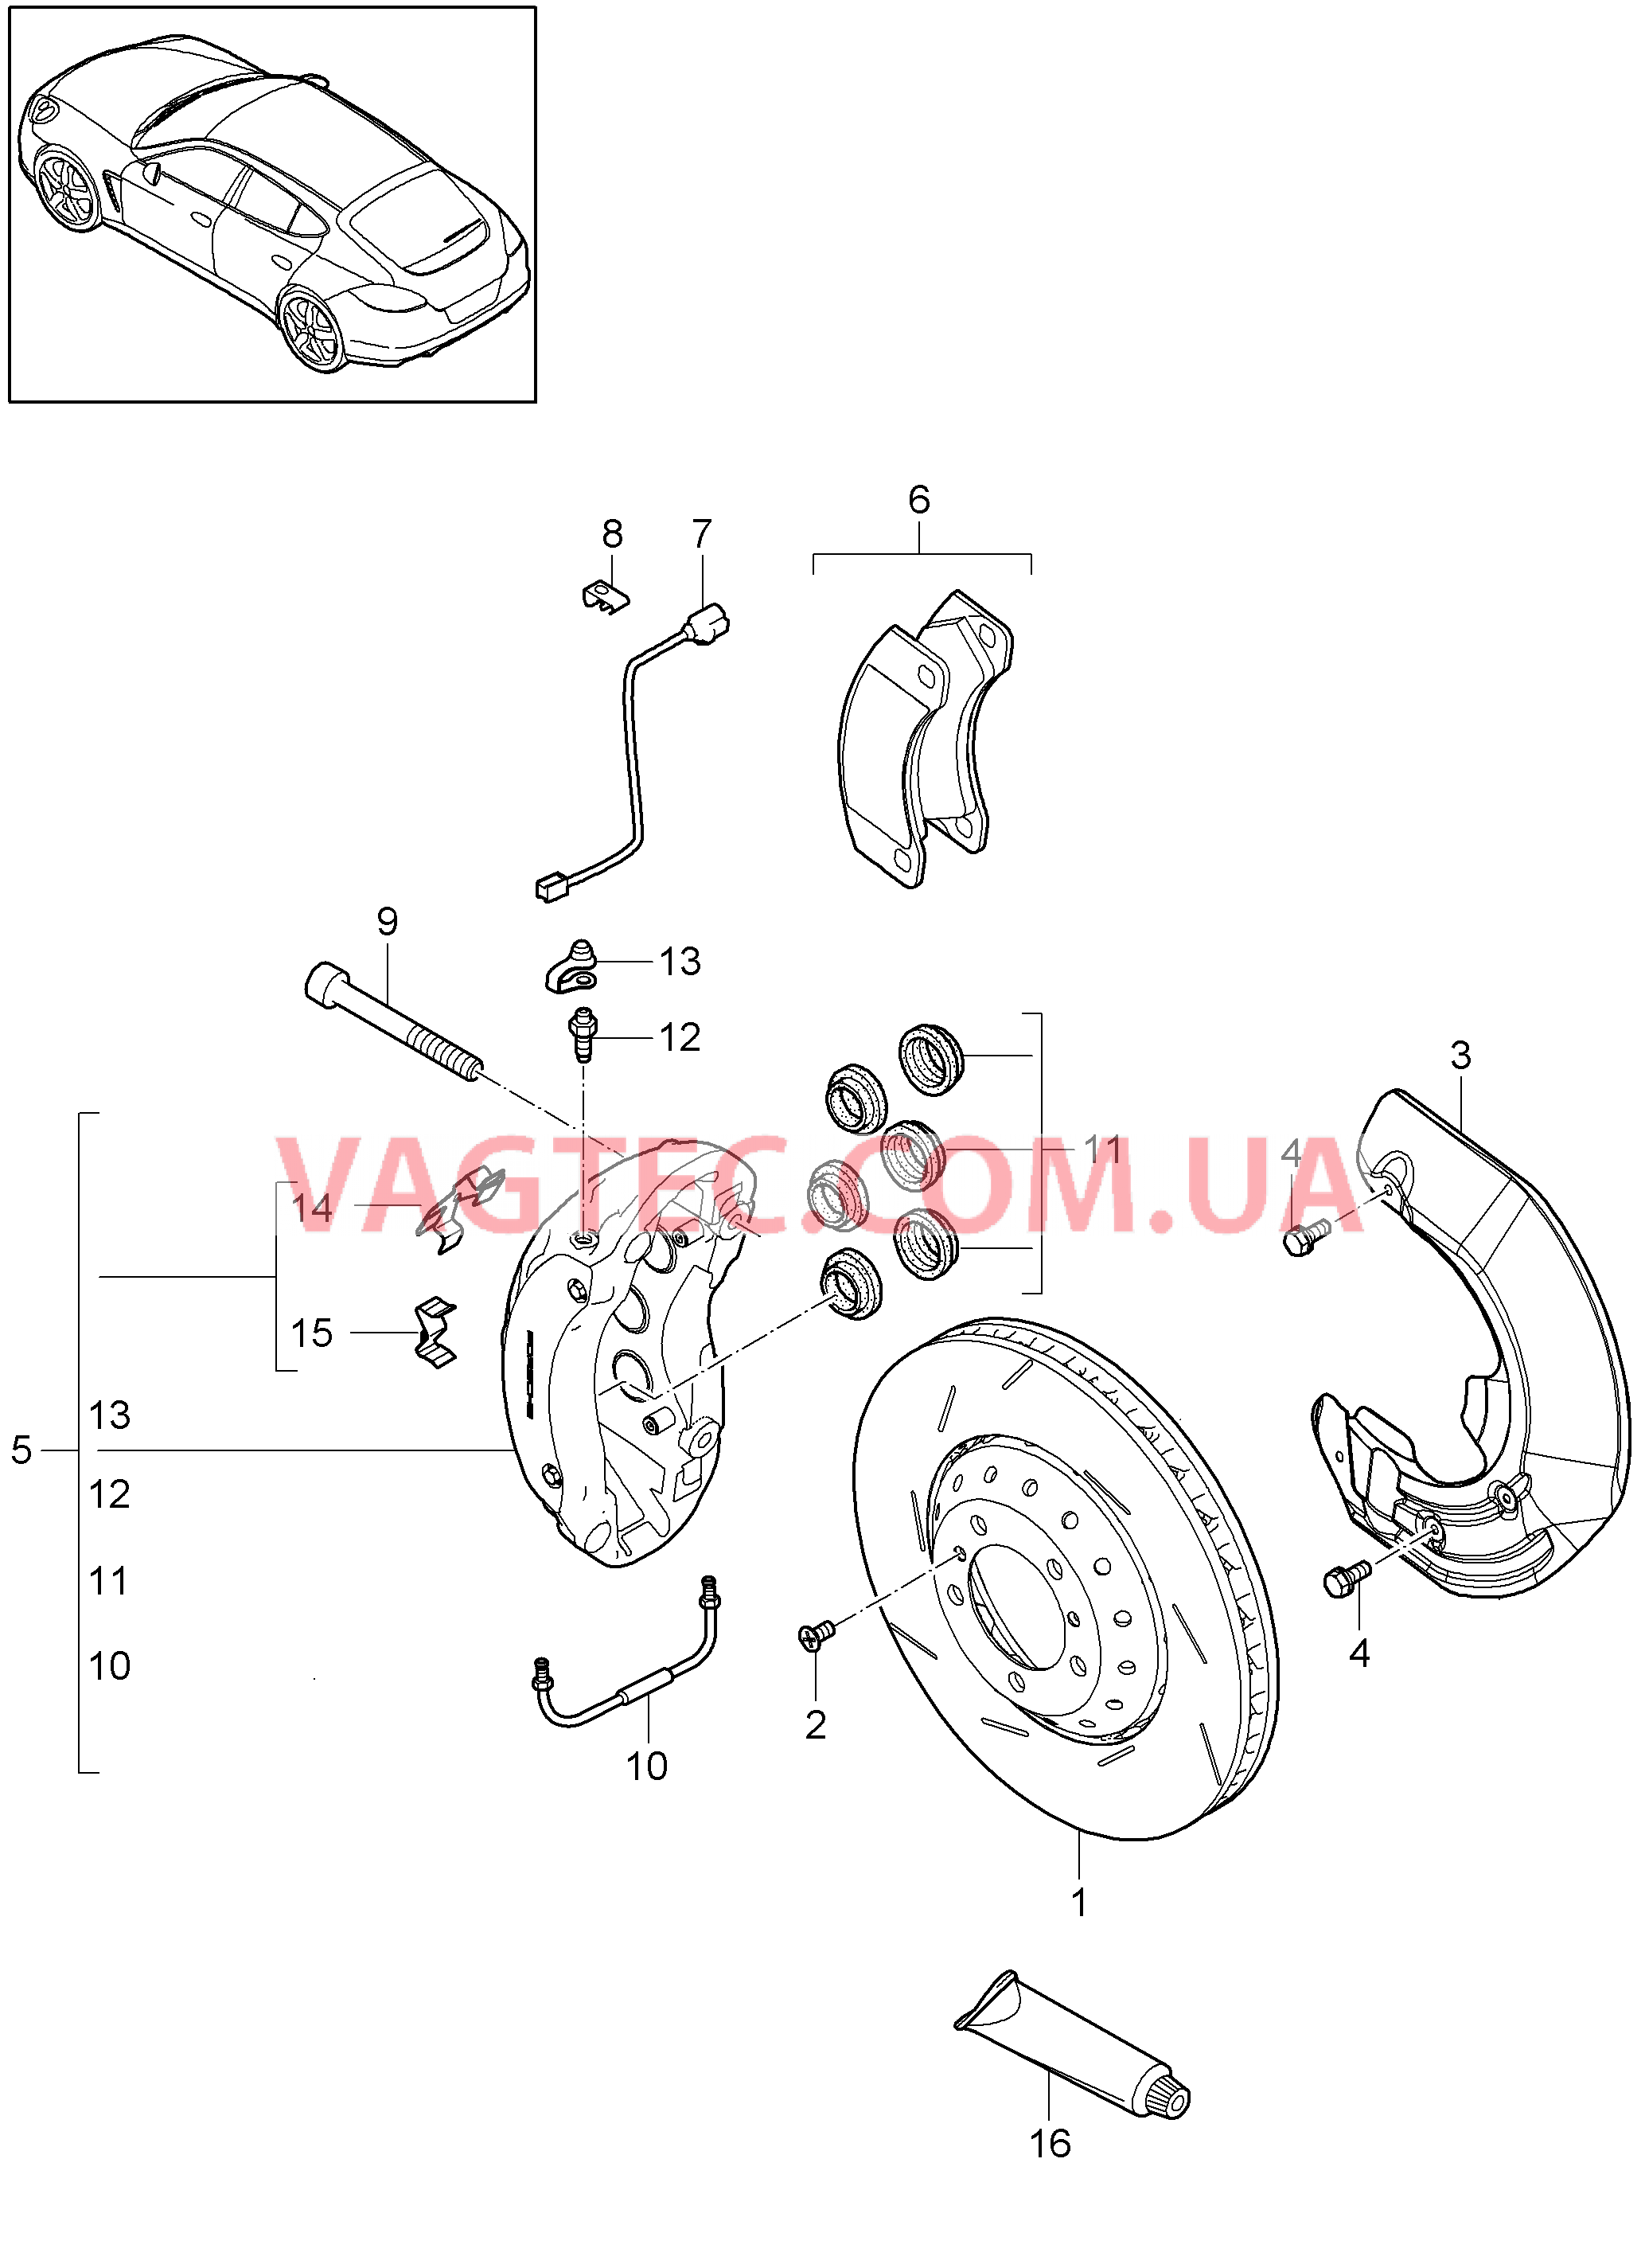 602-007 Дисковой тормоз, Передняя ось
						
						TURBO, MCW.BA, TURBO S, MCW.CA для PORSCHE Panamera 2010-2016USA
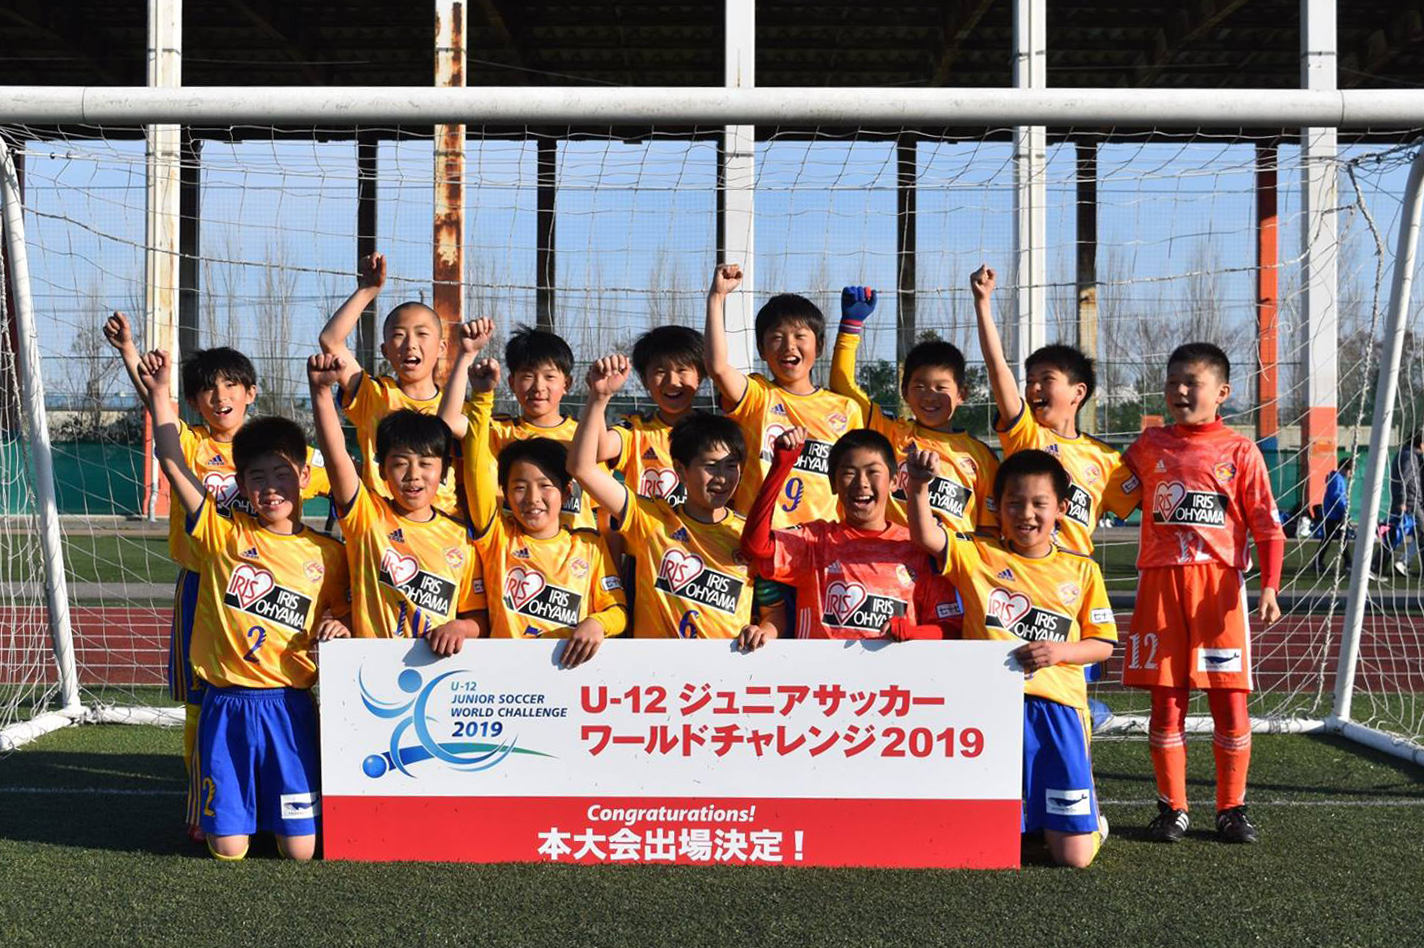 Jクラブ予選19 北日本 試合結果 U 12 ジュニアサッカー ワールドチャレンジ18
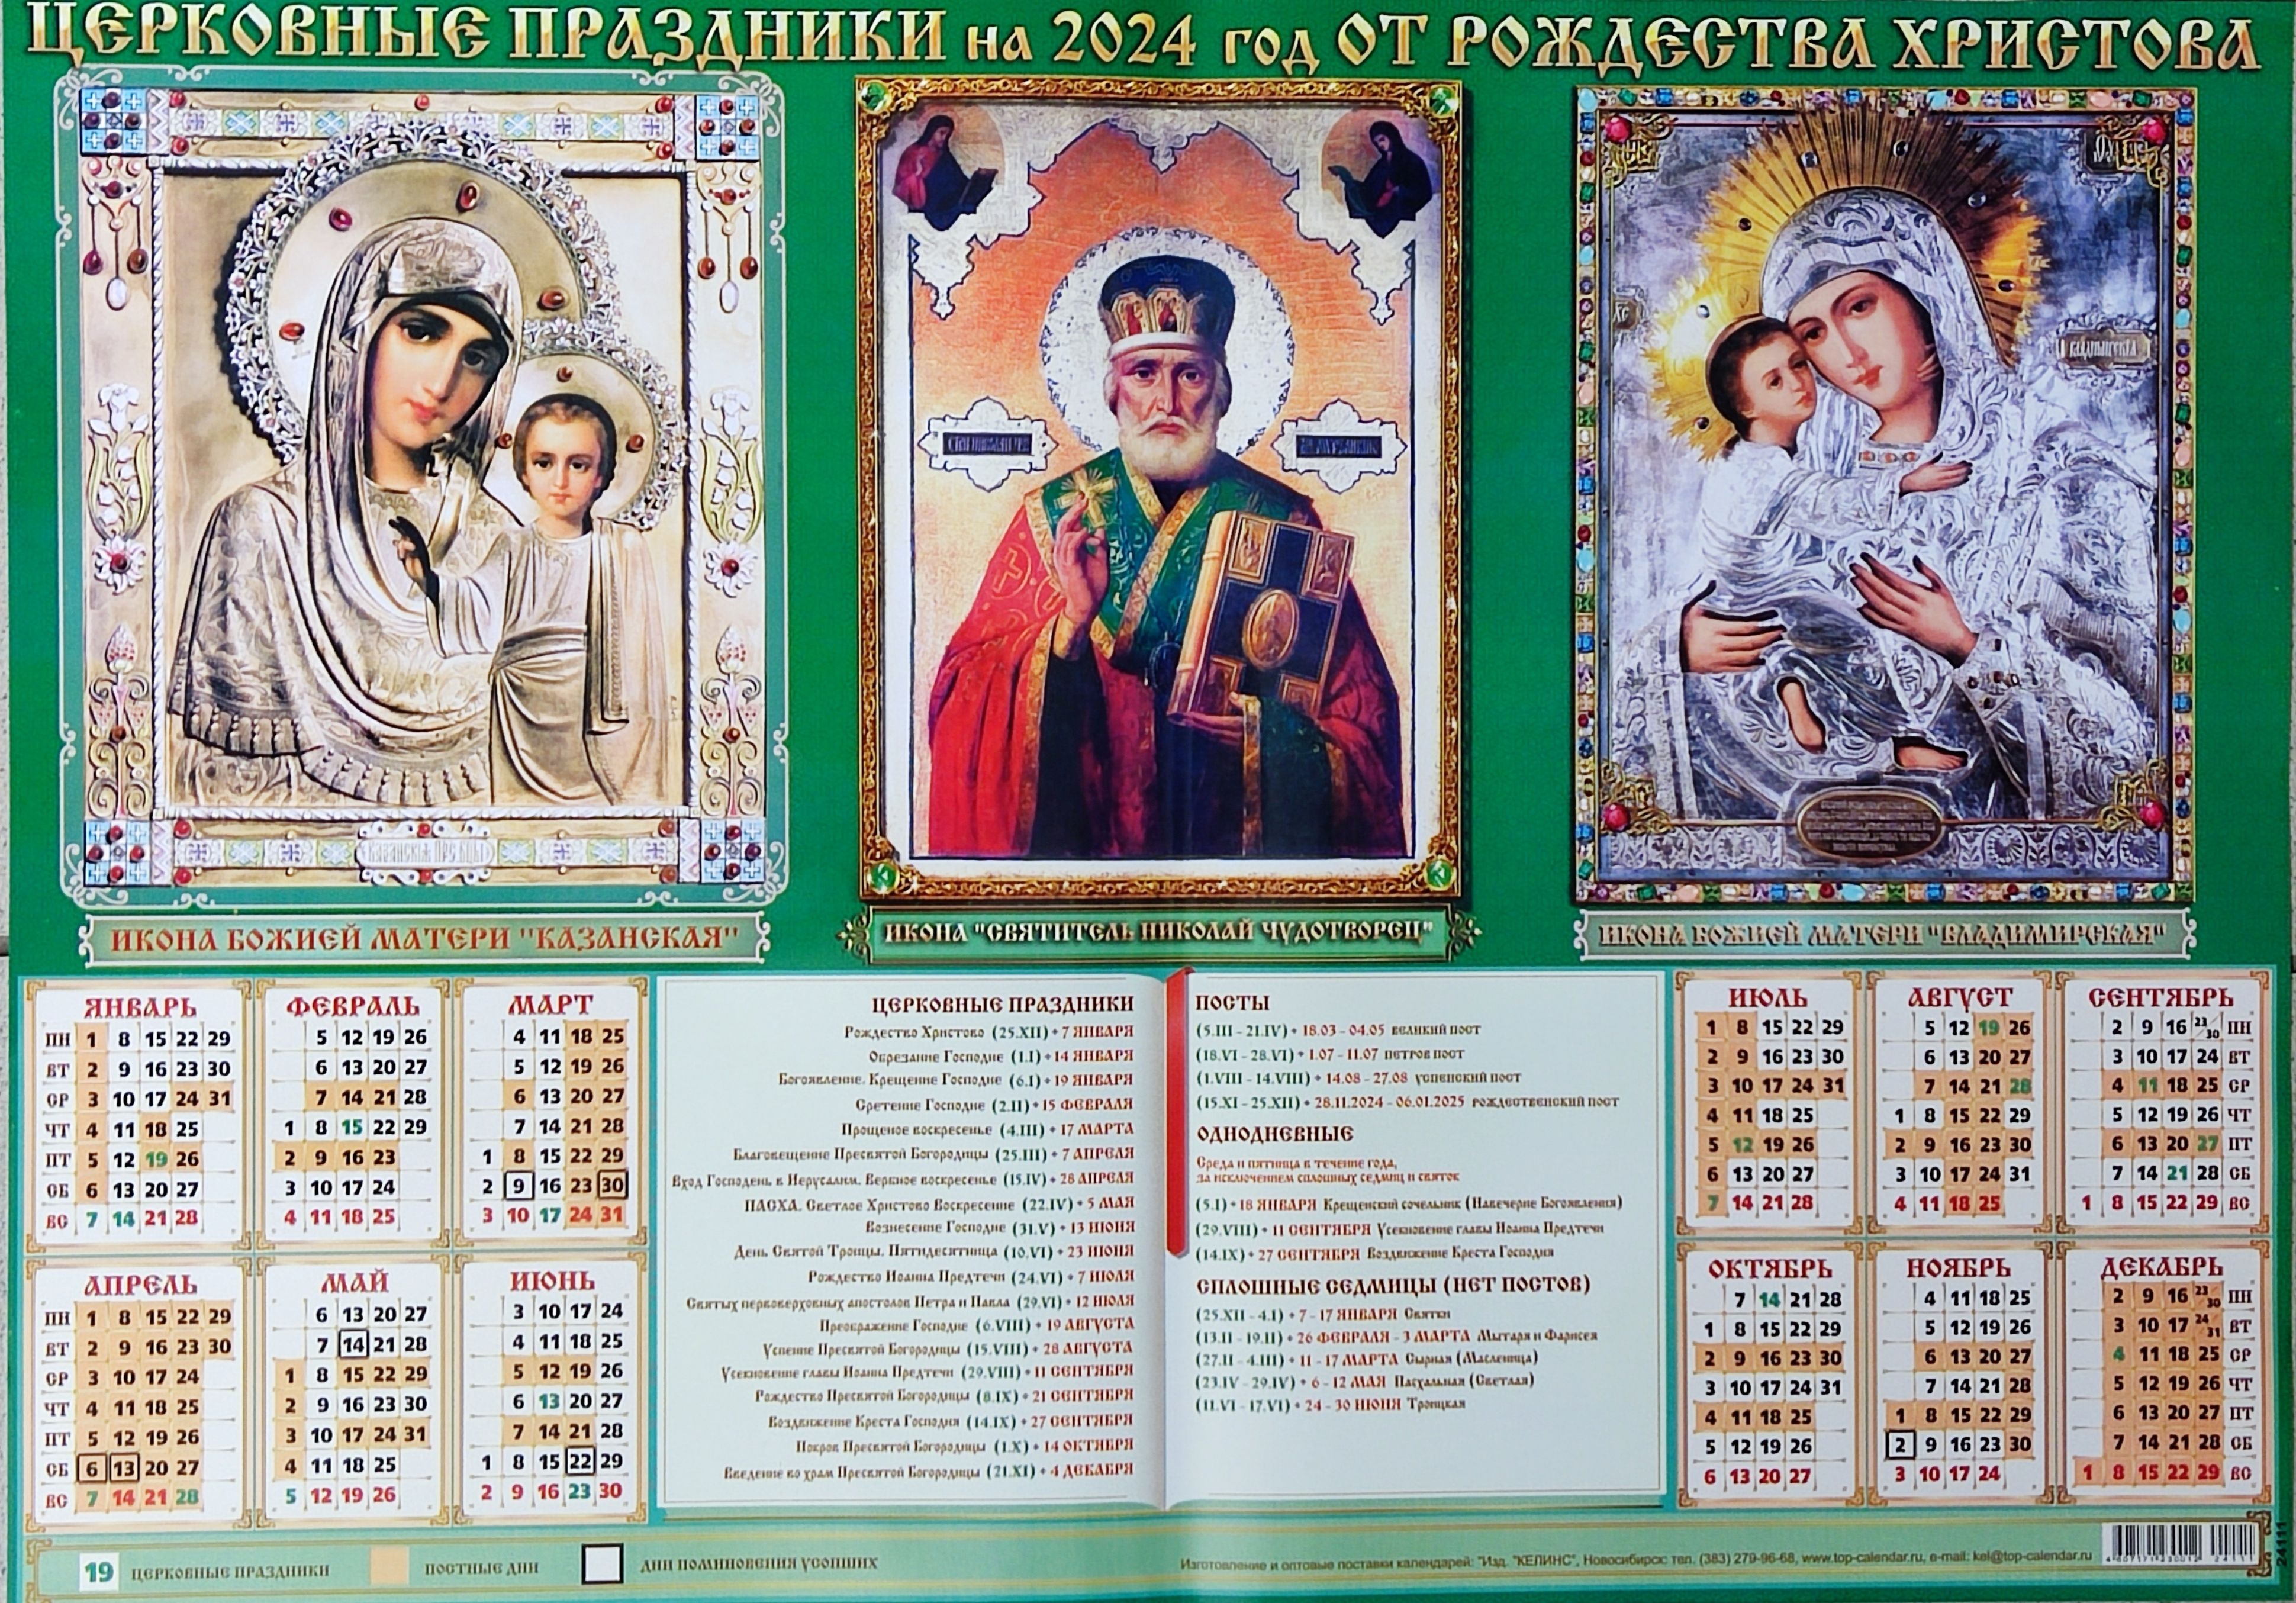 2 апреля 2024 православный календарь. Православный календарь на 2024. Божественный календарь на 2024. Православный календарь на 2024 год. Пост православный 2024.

__________________________________________________

- WHAT THE EXERCISE ASKS
Return the full listing above exactly as written, and omit the pictures.

- OUTPUT
 602-007 Дисковой тормоз, Передняя ось
						
						TURBO, MCW.BA, TURBO S, MCW.CA для PORSCHE Panamera 2010-2016USA
 Jクラブ予選19 北日本 試合結果 U 12 ジュニアサッカー ワールドチャレンジ18
 2 апреля 2024 православный календарь. Православный календарь на 2024. Божественный календарь на 2024. Православный календарь на 2024 год. Пост православный 2024.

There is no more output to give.